- Problem description
Set down, exactly and with no pictures, the line that contains "Helene Berman Wool Blend College Coat" and all lines after it in the listing.

- Data shown
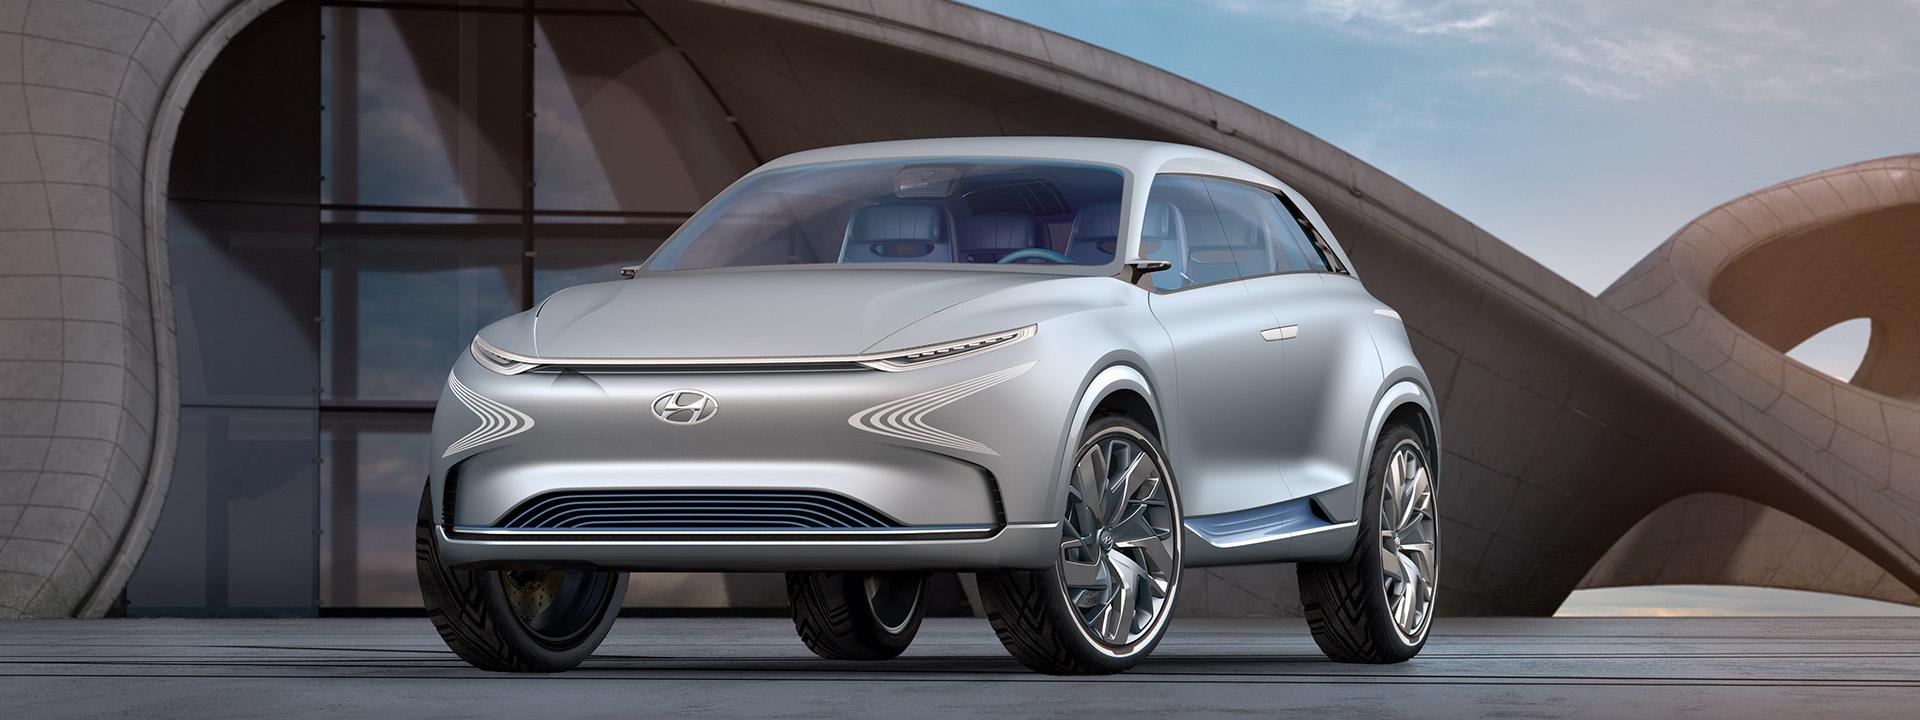 Hyundai Motor at the 2017 Geneva International Motor Show
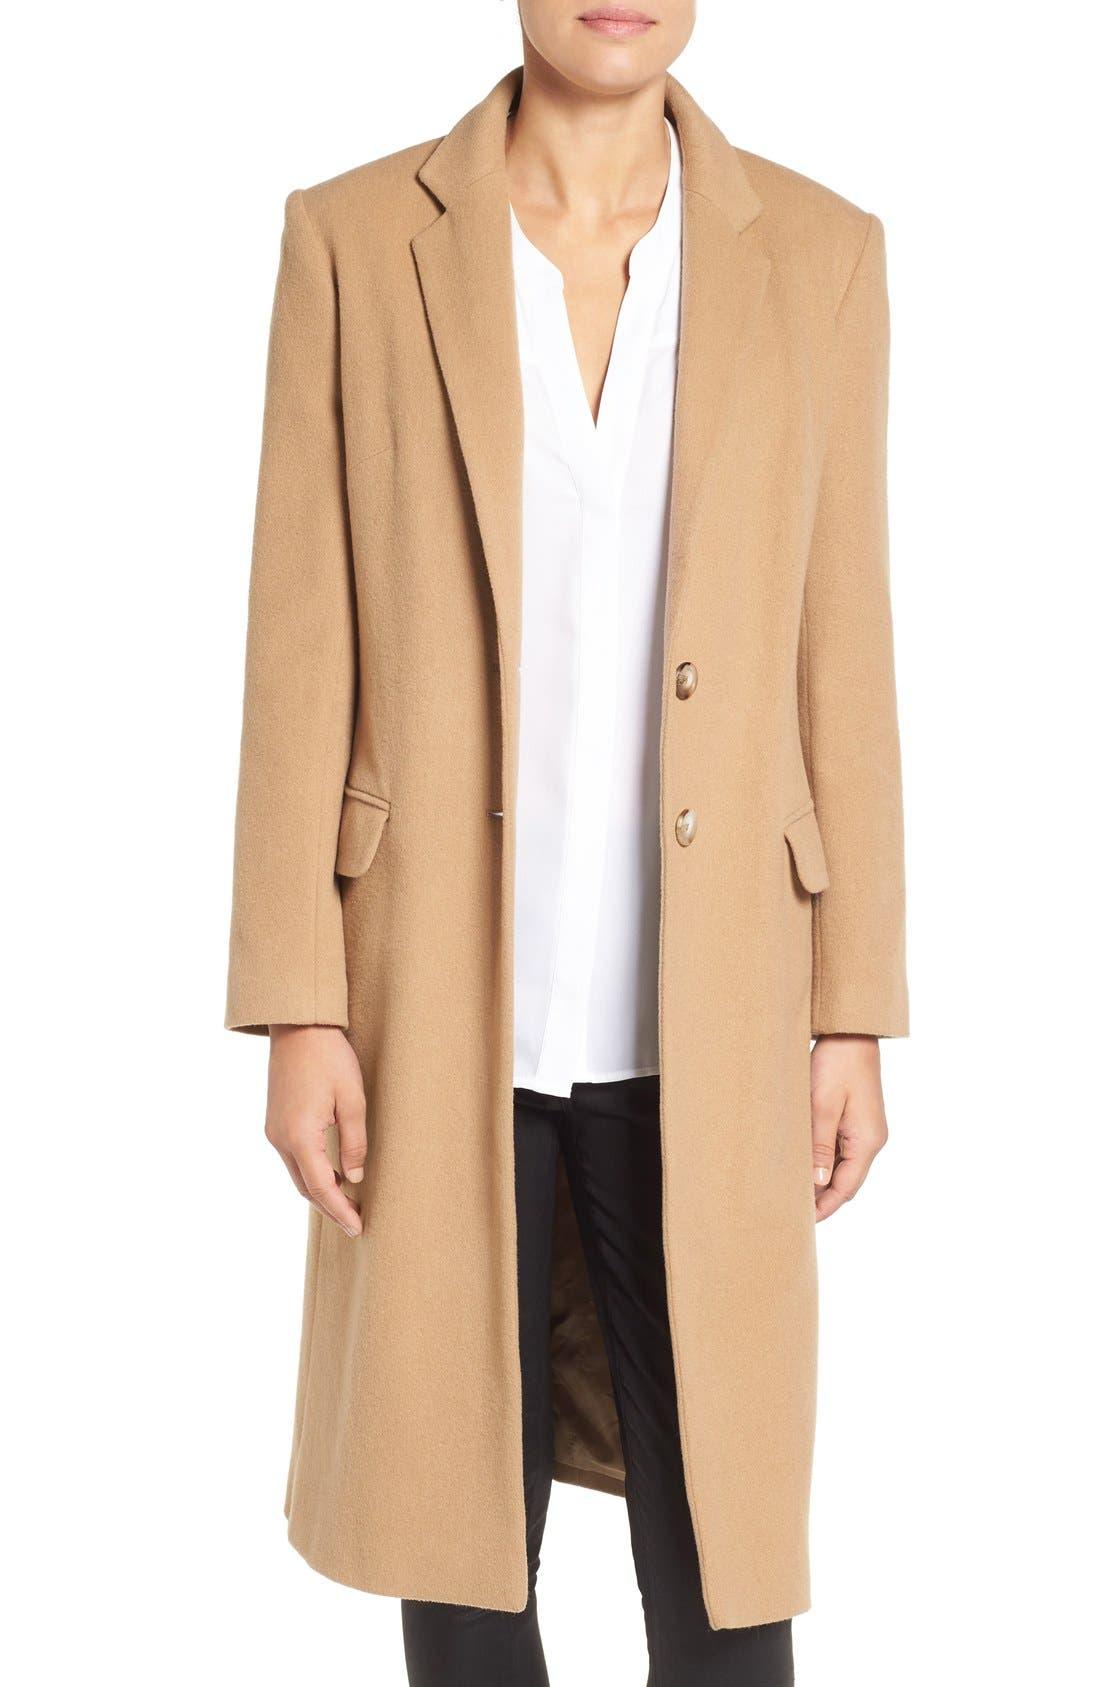 Helene Berman Wool Blend College Coat
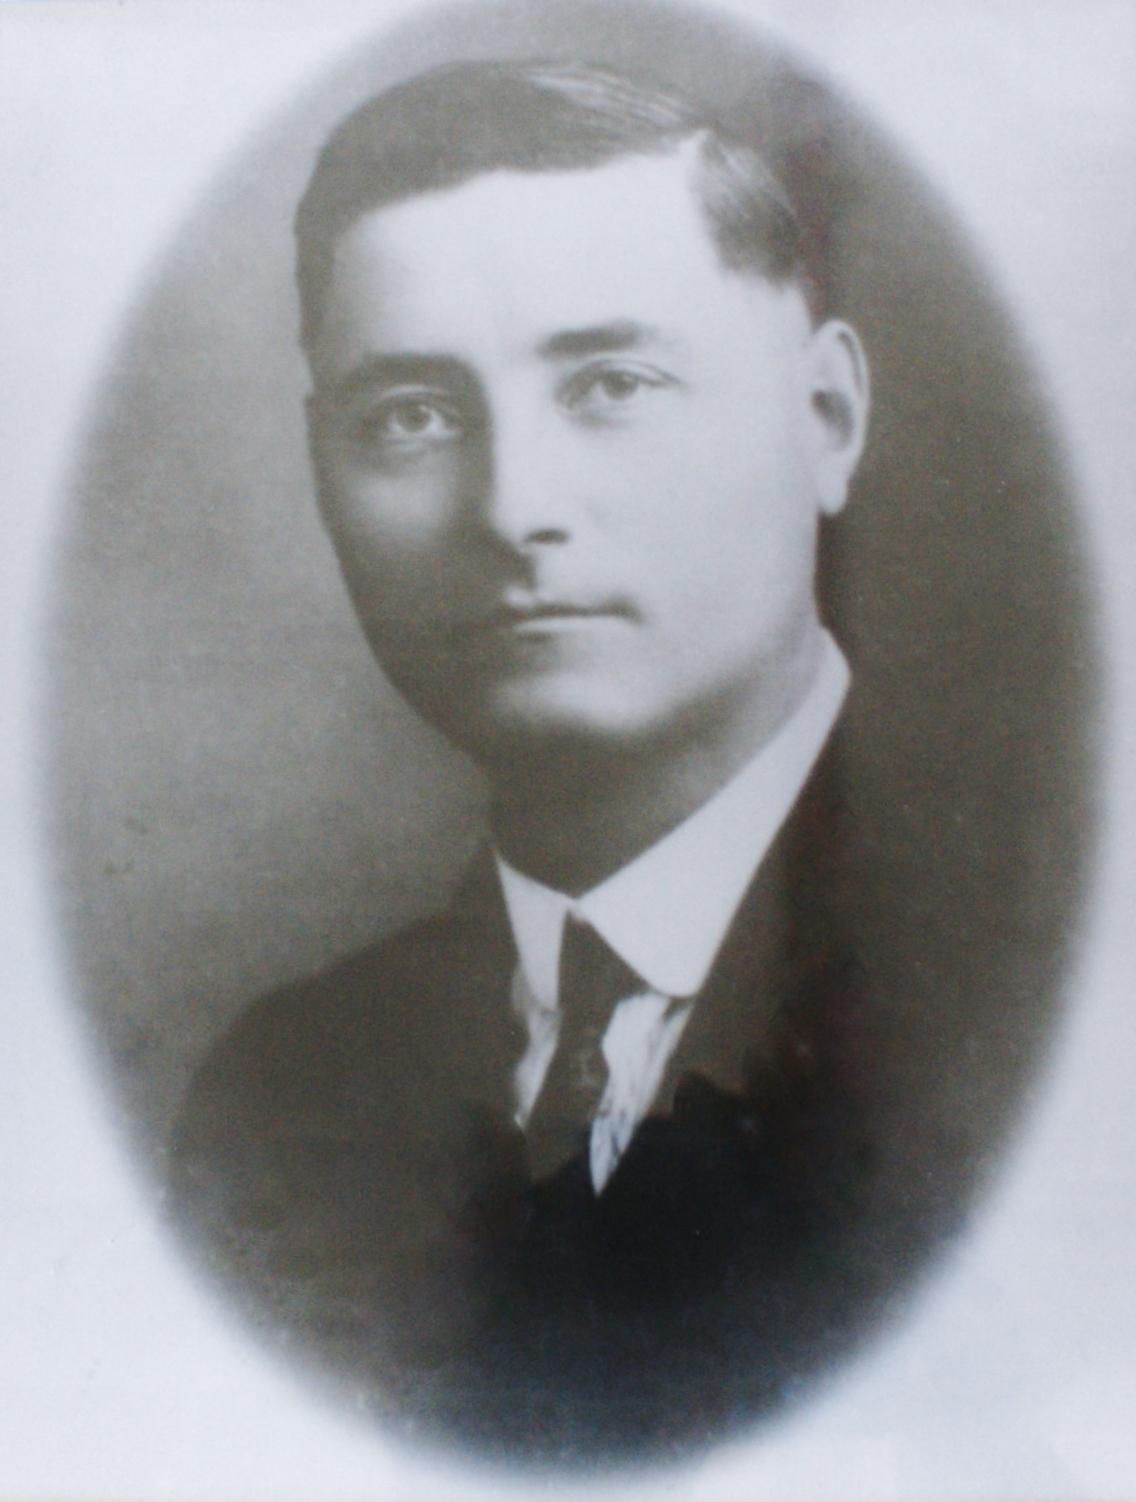 G.B. Airhart, Secretary-Treasurerof the Marmora Herald Printing Co. Ltd.

- Completed task
 Helene Berman Wool Blend College Coat
 G.B. Airhart, Secretary-Treasurerof the Marmora Herald Printing Co. Ltd.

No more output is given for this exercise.